Agente histórico da Camorra é morto a tiros em Marano; alvo ligado ao clan Nuvoletta

Homem de 80 anos ligado ao clan Nuvoletta é morto a tiros em Marano; 12 cartuchos apreendidos e investigação dos carabinieri em andamento.

Agente histórico da Camorra é morto a tiros em Marano; alvo ligado ao clan Nuvoletta

Em apuração direta sobre o episódio ocorrido em Marano, na região de Nápoles, confirmamos o homicídio de um antigo membro da organização conhecida como Camorra. A vítima foi identificada como Castrese Palumbo, 80 anos, reconhecido como histórico afiliado ao clan Nuvoletta.

O crime ocorreu em plena luz do dia, num trecho movimentado entre via Svizzera e corso Europa. Segundo os primeiros levantamentos das autoridades, Palumbo estava no interior de seu veículo, do lado do motorista, quando foi surpreendido por atiradores que desferiram vários disparos. O ataque configura um agguato calculado: os autores agiram em via pública, sem preocupação com transeuntes, provocando pânico entre quem circulava na área.

Equipes dos carabinieri foram acionadas ao local e isolaram a cena para permitir os procedimentos da perícia científica. Em uma primeira inspeção, os militares recolheram 12 cartuchos calibre nove, material agora sob custódia para ancorar a investigação balística. Testemunhas foram ouvidas no entorno; relatos preliminares apontam que a vítima também teria sido atingida na cabeça.

Com base no quadro fático preservado pelas autoridades, o episódio representa um ataque direcionado a um indivíduo com histórico de vínculos com uma organização criminosa de longa atuação no território. Mantemos o foco nos fatos brutos: há confirmação da identidade da vítima, do local do atentado e dos elementos materiais coletados no local. A investigação segue sob responsabilidade dos carabinieri locais, com a mobilização de equipes para estabelecer autoria, motivações e eventuais conexões com episódios anteriores.

Do ponto de vista jornalístico, procedemos ao cruzamento de informações entre fontes oficiais e relatos de moradores e comerciantes da região. A cena do crime foi rapidamente controlada, mas o episódio reacende preocupações sobre a dinâmica de violência em áreas urbanas e o risco para civis em locais de convivência pública.
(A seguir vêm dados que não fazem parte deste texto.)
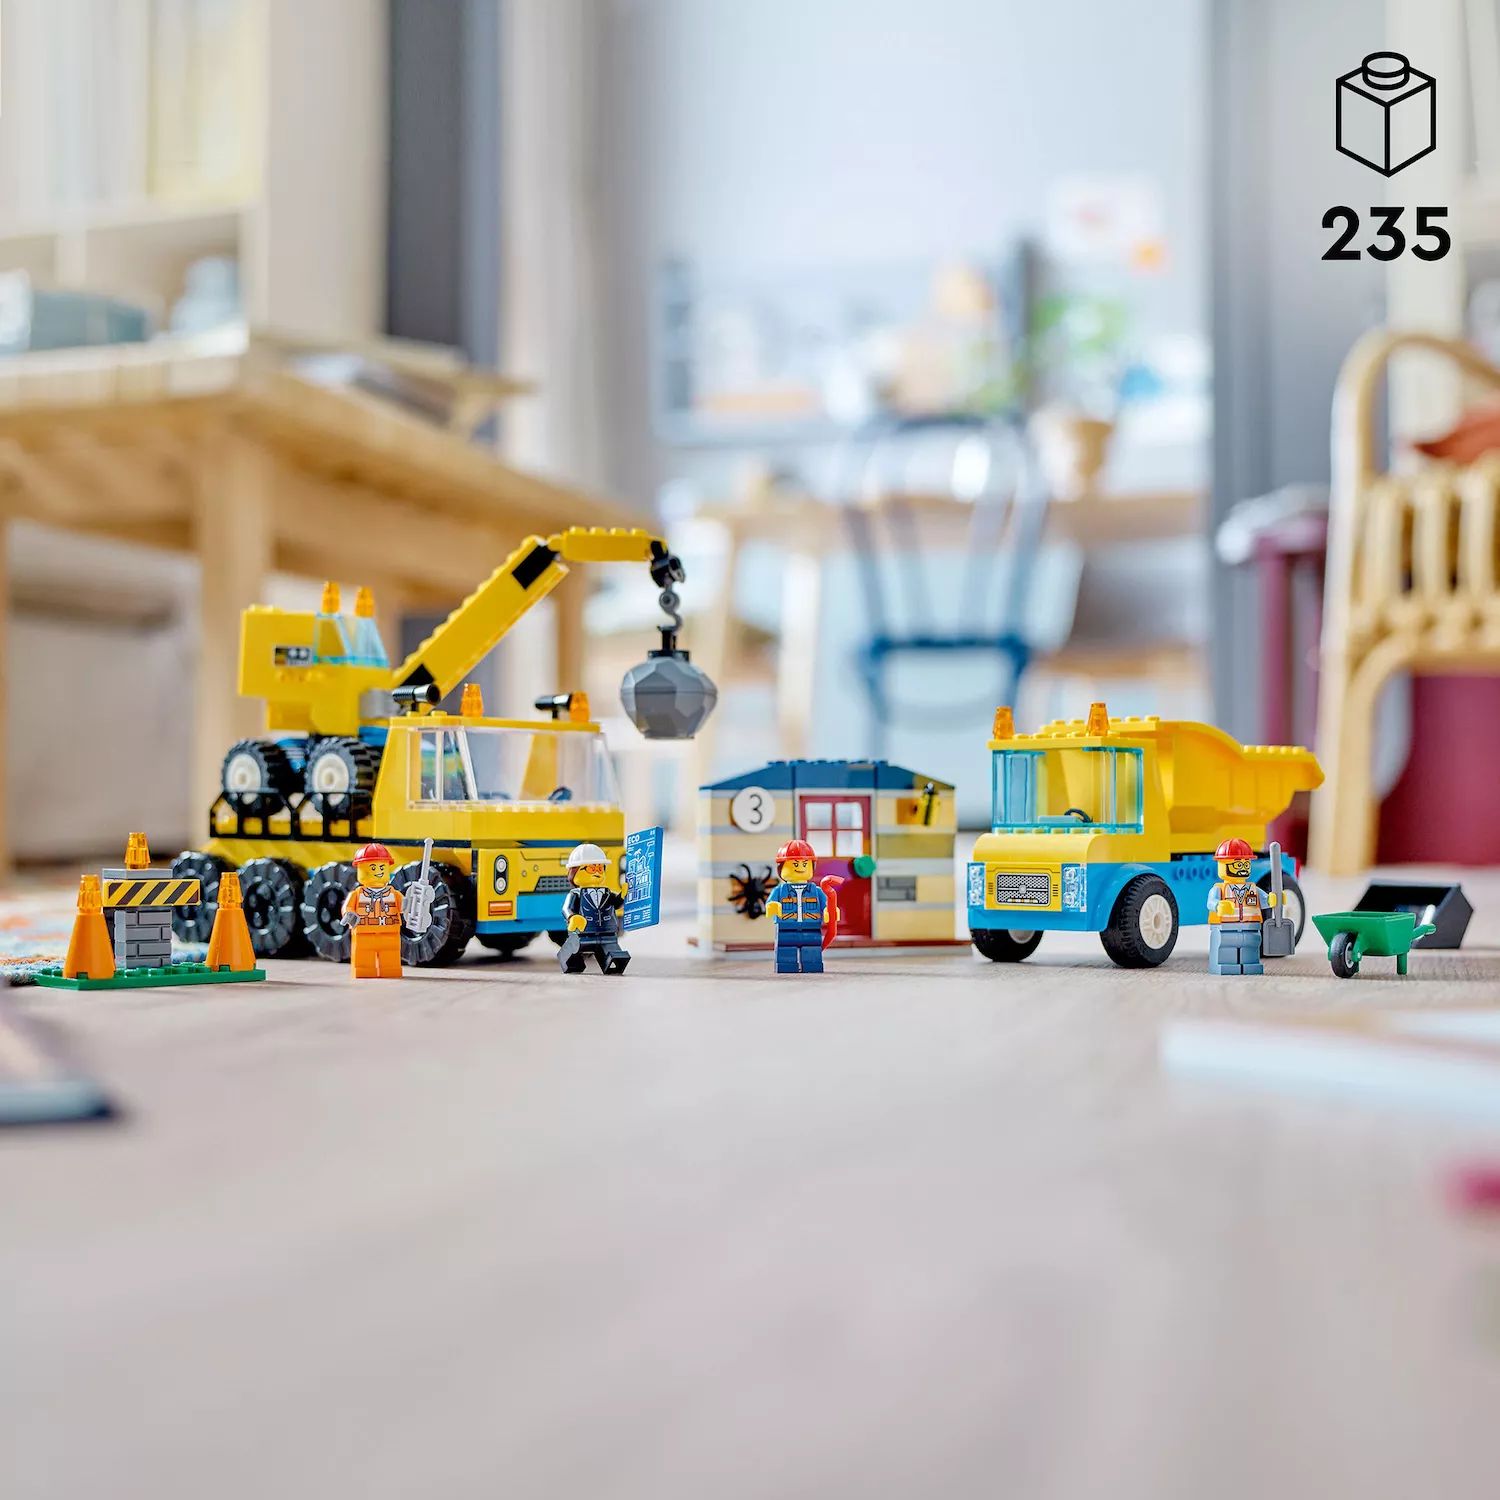 Набор строительных игрушек для малышей LEGO City Construction Trucks and Wrecking Ball Crane 60391 (235 деталей) LEGO конструктор lego city trucks and wrecking ball crane 60391 235 деталей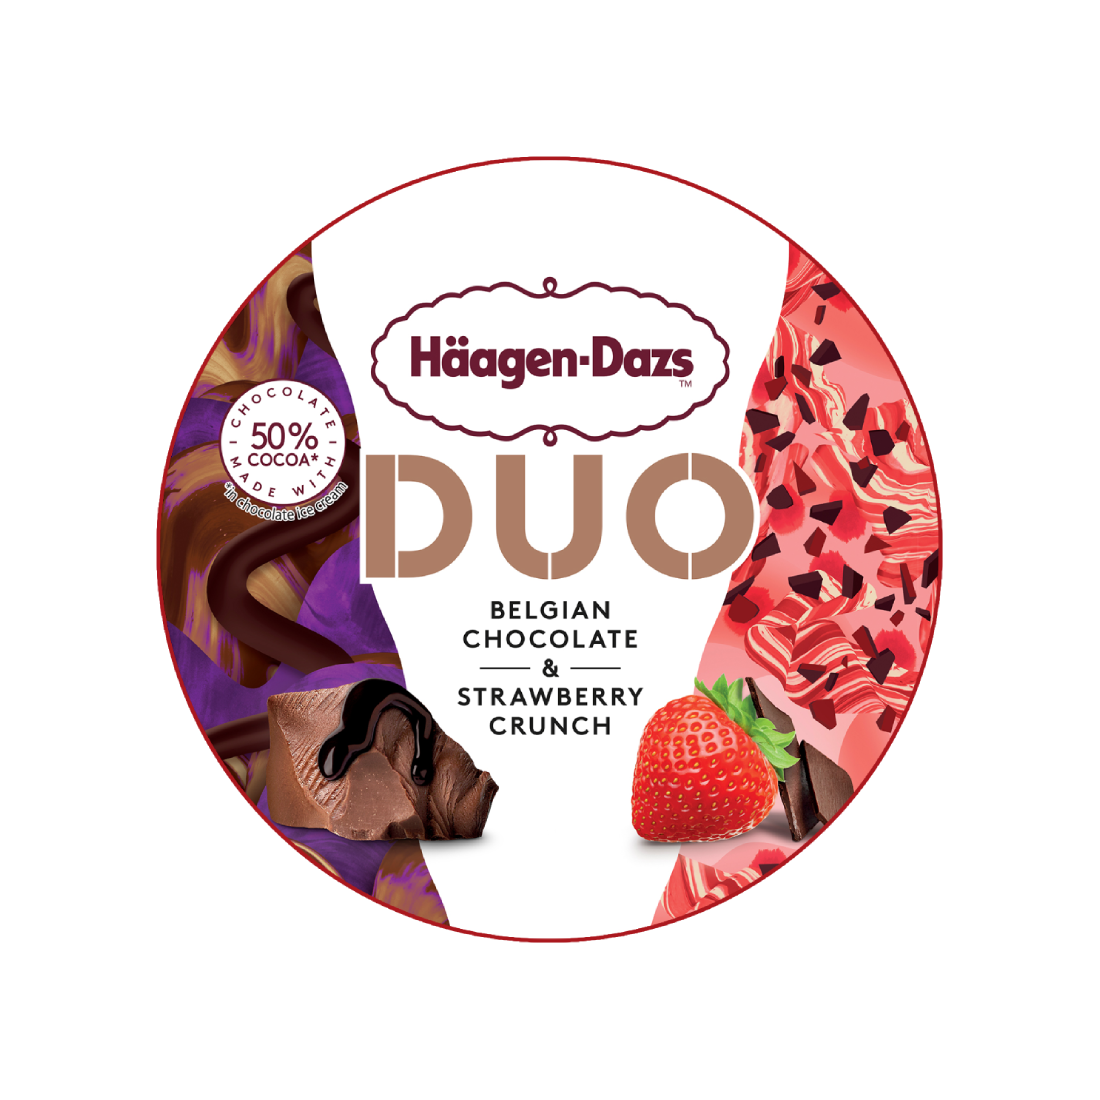 duo belgian chocolate strawberry

Não há, até o momento, confirmação pública de mandantes ou reivindicações. A investigação balística sobre os 12 cartuchos e a análise de imagens de vigilância da área são linhas prioritárias para os inquéritos. Reiteramos: informação verificada e apuração em curso — a realidade traduzida sem ruído.

Atualizações serão divulgadas à medida que novos elementos oficiais forem disponibilizados pelas autoridades competentes. Nossa cobertura continuará com foco na transparência dos fatos e no rigor técnico necessário para compreender as implicações deste episódio em Marano.